Se proyecta estos días en las salas de cine de toda España la película Mientras dure la Guerra, de Alejandro Amenábar. Una de las escenas más interesantes y que más polémica ha suscitado entre el público, es la que se desarrolla en el paraninfo de la Universidad de Salamanca y que, por no haber quedado registrada, se basa necesariamente en datos secundarios.
Hoy asistimos, con cierto estupor, a la “cesión” de los rectores de determinadas universidades de Cataluña, ante la presión de grupos de estudiantes exigiendo prebendas sobre la base de poder ejercer libremente su derecho de manifestación en defensa de sus ideales políticos. Cobran así un especial significado dos hechos muy separados en el tiempo pero de una naturaleza similar.
Unamuno no tenía frente a sí en el paraninfo a un grupo de adolescentes con la cara tapada que chillaban exigiendo una indulgencia lectiva, como si de un aumento de la “paga semanal” se tratase. No. Tenía a tíos bragados, que llevaban una pistola en el cinturón y que estaban altamente ideologizados. Que formaban parte de una juventud que se estaba matando en los campos de media España. Pero Unamuno dijo lo que pensaba. A unos les parecerá mejor y a otros peor: a los que estaban allí, desde luego no les gustó. Pero Unamuno, el Rector Magnífico de la Universidad de Salamanca, dijo lo que pensaba.
Unamuno salió de aquél Acto, del brazo de Carmen Polo (quizá no hubiera podido salir de otra manera). La película hurta una escena – esta sí está documentada – en la que Unamuno y el general Millán Astray se despiden dándose la mano.
A los estudiantes que han impuesto su voluntad, de forma drástica y sectaria, a los rectores catalanes, nadie les impedía manifestarse por lo que considerasen oportuno. Pero ellos, por decirlo de una forma castiza, querían estar al caldo y las tajadas.
Este episodio es tremendamente revelador de una educación en la irresponsabilidad a la que todos hemos contribuido. Y no solo en lo que concierne, como en este caso, al ejercicio de una militancia política comprometida, sino en el día a día; en el que se puede observar, especialmente en las relaciones familiares o en las de pareja, que solo se quiere la parte buena – la parte guay – de las mismas, y nunca todo lo que suponga un coste personal, especialmente si es emocional.

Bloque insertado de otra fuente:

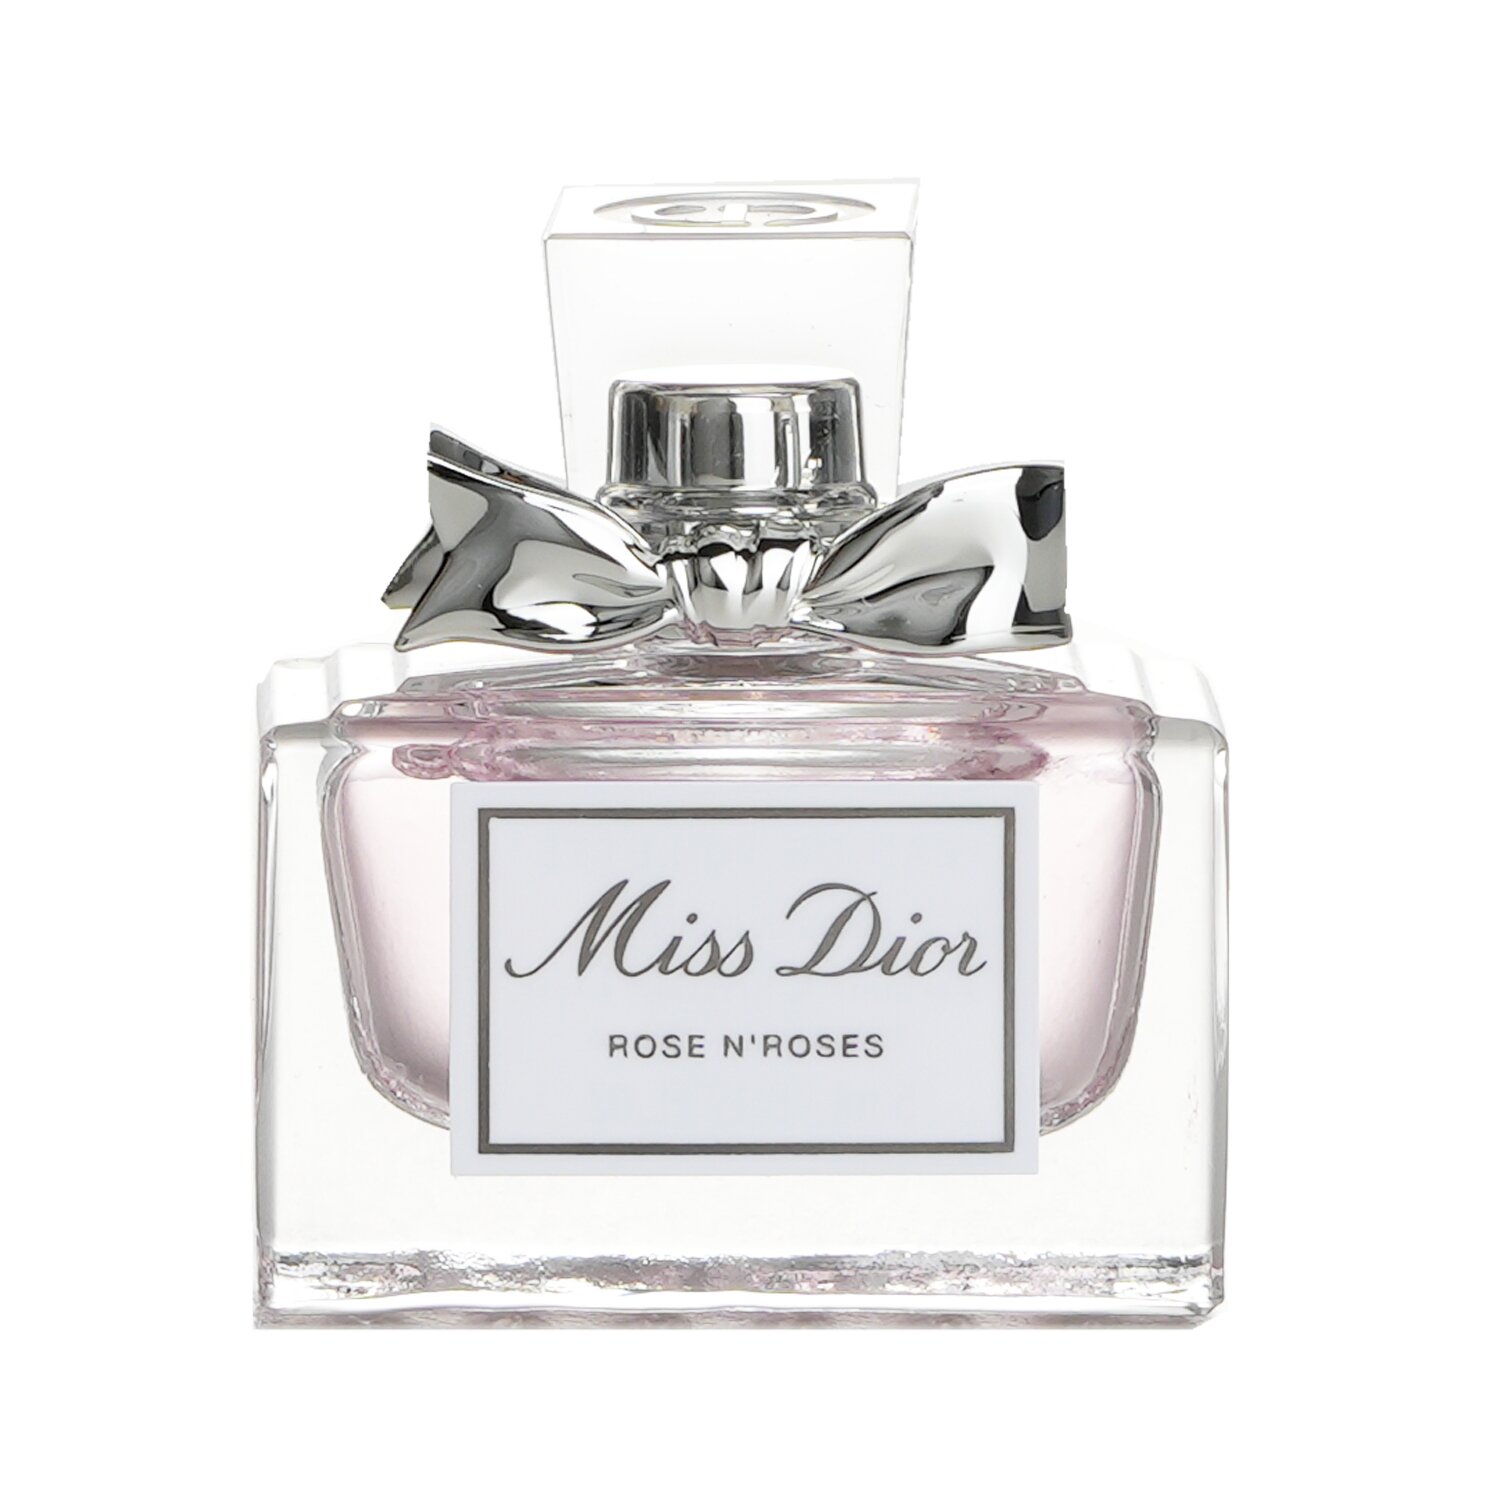 迪奧 Christian Dior - MISS DIOR ROSE N'ROSES 淡香薰

Imagino la vergüenza que alguno de los rectores habrá sentido al ver la película, o al recordarla, y ver la serena actitud del Miguel de Unamuno que no se calló porque los otros chillaran mucho. Quizá solo se lo confiese a su pareja en la intimidad del dormitorio, pero tendrá que vivir siempre con el amargo recuerdo del día en el que no supo estar a la altura y se dejó acojonar por un grupo de adolescentes radicales.
No está claro si aquel día se pronunció la famosa frase: “Este es el templo de la inteligencia y yo su sumo sacerdote”. Pero lo que sí está claro es que hoy, las universidades catalanas se han quedado en iglesias regidas por curas de misa y olla.